Invalid / Corner Shape
Empty collections, zeros, or disconnected structures
Handle special-case structure before the core algorithm path.
Step 05

Full Annotated Code

Source-backed implementations are provided below for direct study and interview prep.

// Accepted solution for LeetCode #3551: Minimum Swaps to Sort by Digit Sum
class Solution {
    public int minSwaps(int[] nums) {
        int n = nums.length;
        int[][] arr = new int[n][2];
        for (int i = 0; i < n; i++) {
            arr[i][0] = f(nums[i]);
            arr[i][1] = nums[i];
        }
        Arrays.sort(arr, (a, b) -> {
            if (a[0] != b[0]) return Integer.compare(a[0], b[0]);
            return Integer.compare(a[1], b[1]);
        });
        Map<Integer, Integer> d = new HashMap<>();
        for (int i = 0; i < n; i++) {
            d.put(arr[i][1], i);
        }
        boolean[] vis = new boolean[n];
        int ans = n;
        for (int i = 0; i < n; i++) {
            if (!vis[i]) {
                ans--;
                int j = i;
                while (!vis[j]) {
                    vis[j] = true;
                    j = d.get(nums[j]);
                }
            }
        }
        return ans;
    }

    private int f(int x) {
        int s = 0;
        while (x != 0) {
            s += x % 10;
            x /= 10;
        }
        return s;
    }
}
Step 06

Interactive Study Demo

Use this to step through a reusable interview workflow for this problem.

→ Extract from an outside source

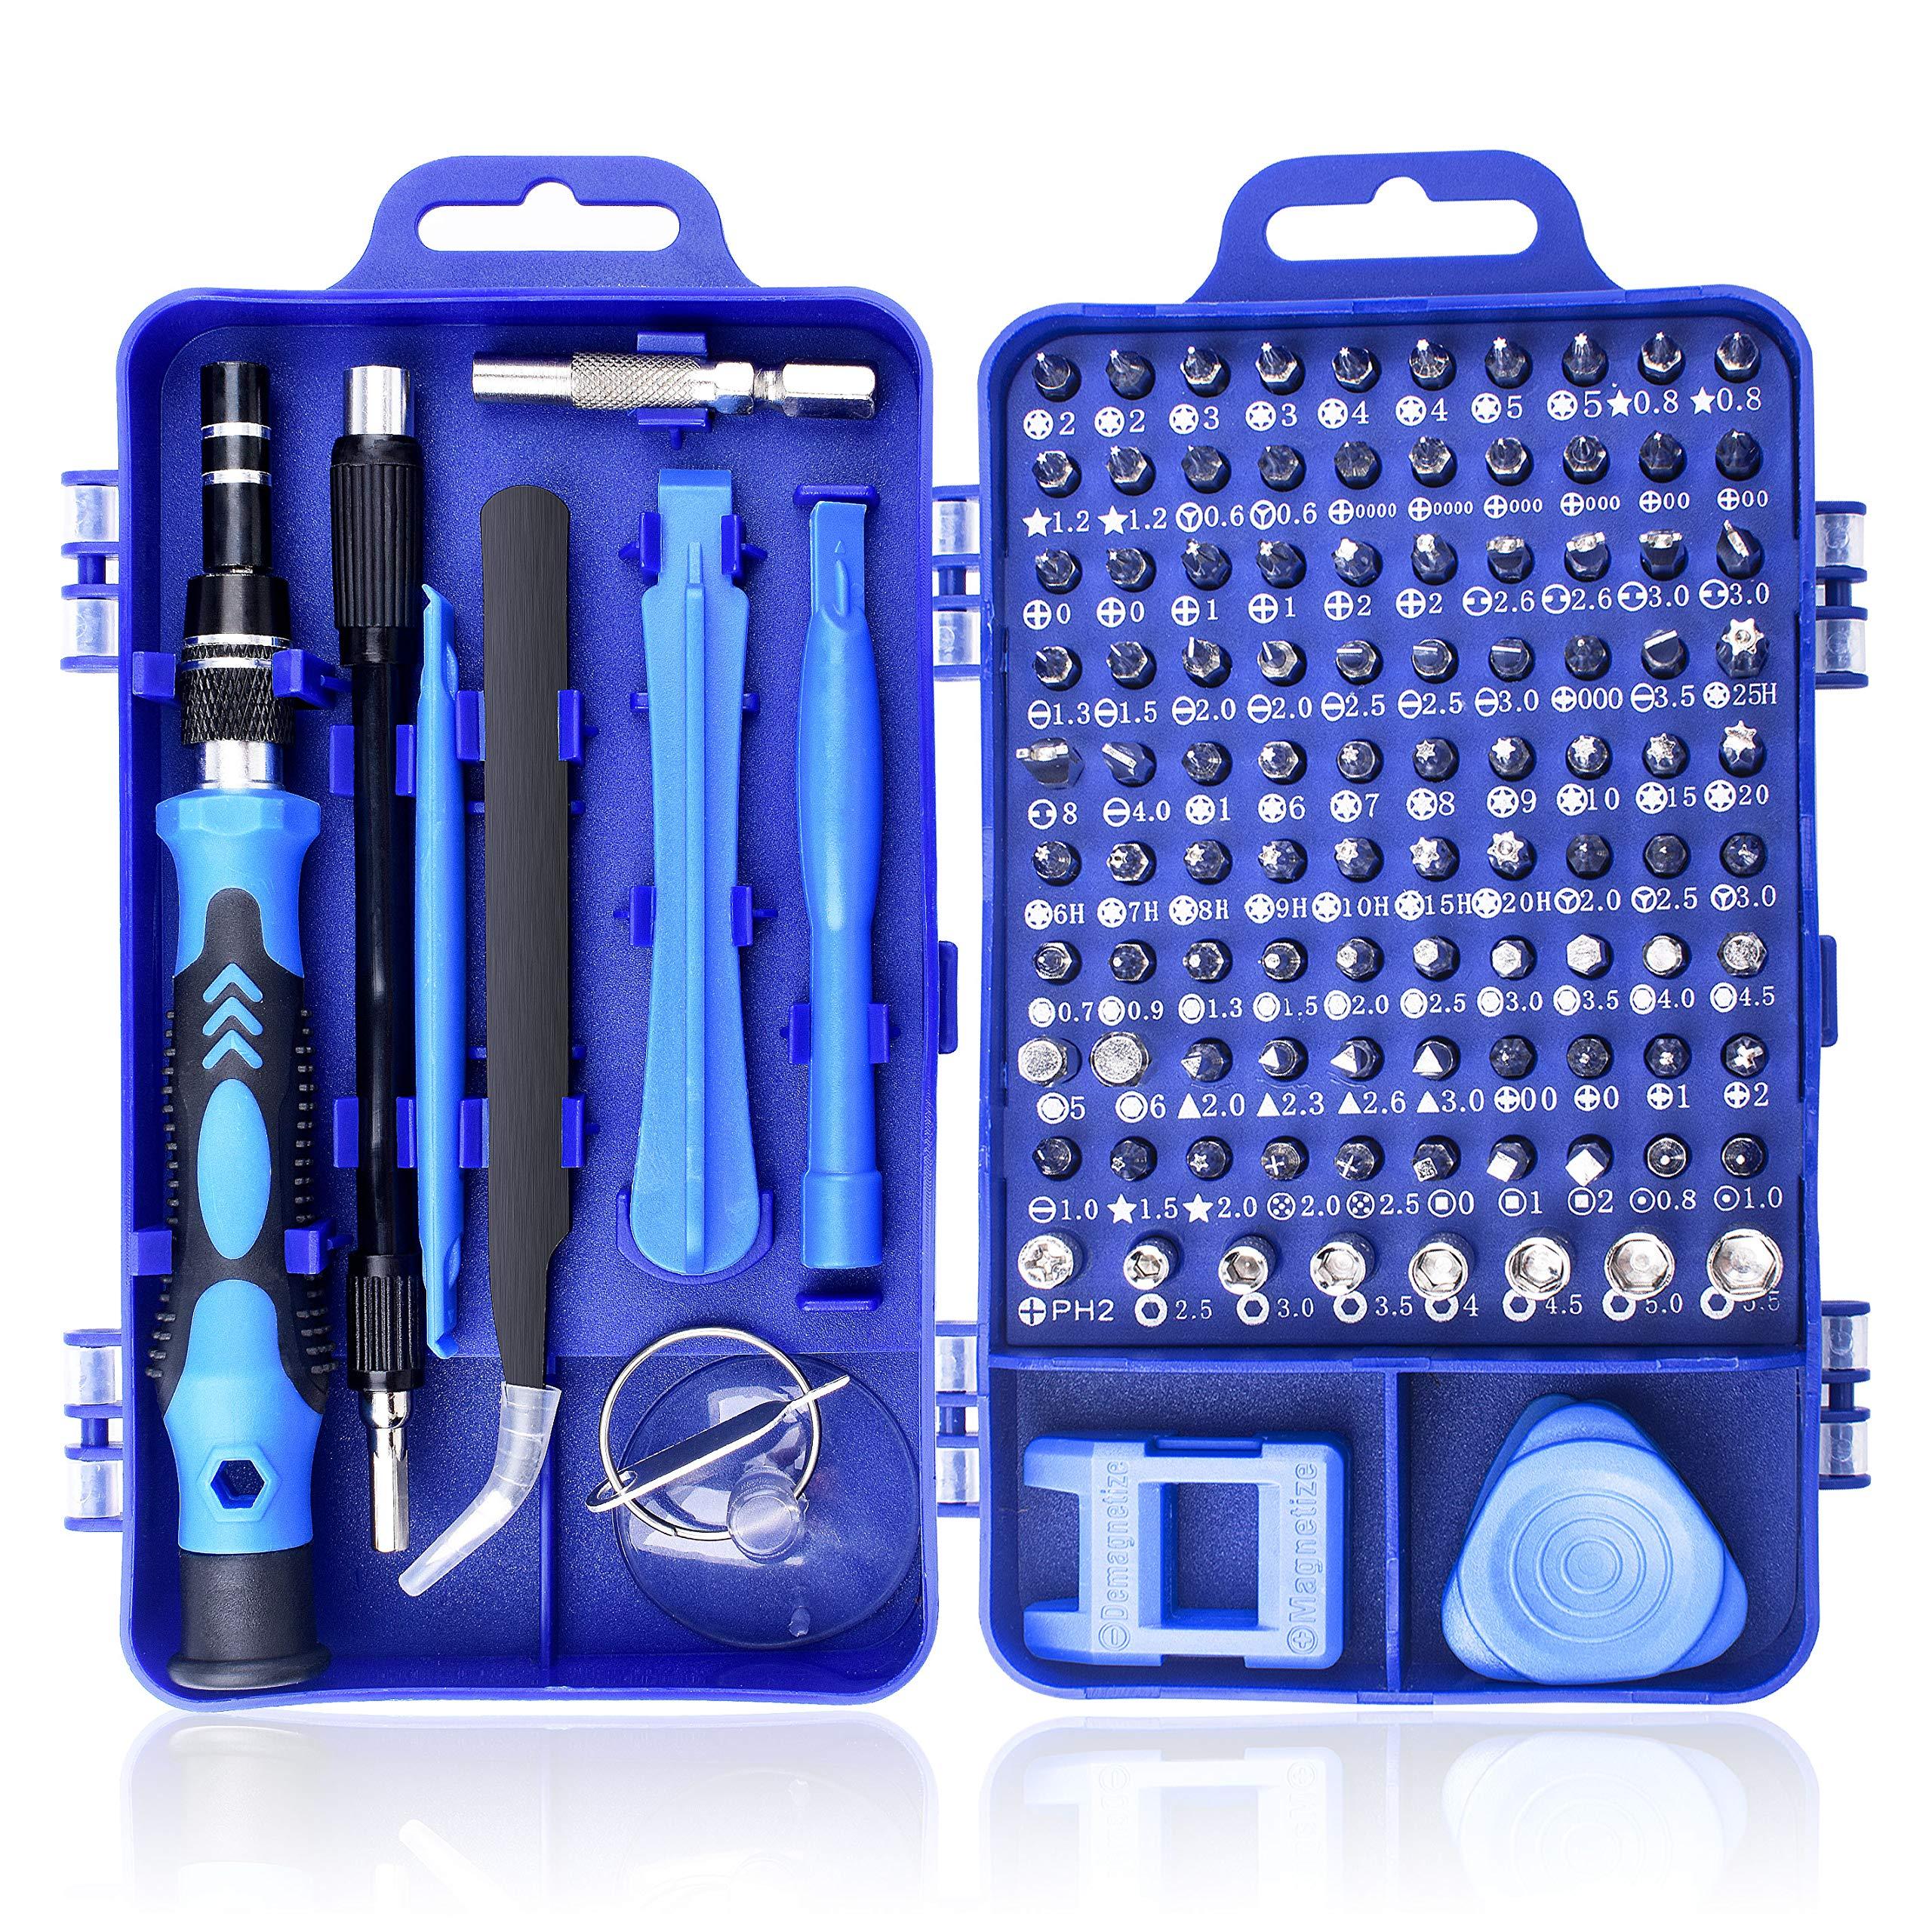 Juego de Destornilladores de Precisión, 115 en 1 Kit de Herramientas de Reparación de Destornilladores de Precisión con Magnética para iPhone, PC, Reloj, Portátil, Gafas, Electrónica, Joyería, etc.: Amazon.es: Bricolaje y herramientas

Press Step or Run All to begin.
Step 07

Complexity Analysis

Time
O(n)
Space
O(1)

Approach Breakdown

BRUTE FORCE
O(n²) time
O(1) space

Two nested loops check every pair or subarray. The outer loop fixes a starting point, the inner loop extends or searches. For n elements this gives up to n²/2 operations. No extra space, but the quadratic time is prohibitive for large inputs.

OPTIMIZED
O(n) time
O(1) space

Most array problems have an O(n²) brute force (nested loops) and an O(n) optimal (single pass with clever state tracking). The key is identifying what information to maintain as you scan: a running max, a prefix sum, a hash map of seen values, or two pointers.

Shortcut: If you are using nested loops on an array, there is almost always an O(n) solution. Look for the right auxiliary state.
Coach Notes

Common Mistakes

Review these before coding to avoid predictable interview regressions.

Off-by-one on range boundaries

Wrong move: Loop endpoints miss first/last candidate.

Usually fails on: Fails on minimal arrays and exact-boundary answers.

Fix: Re-derive loops from inclusive/exclusive ranges before coding.

Mutating counts without cleanup

Wrong move: Zero-count keys stay in map and break distinct/count constraints.

Usually fails on: Window/map size checks are consistently off by one.

Fix: Delete keys when count reaches zero.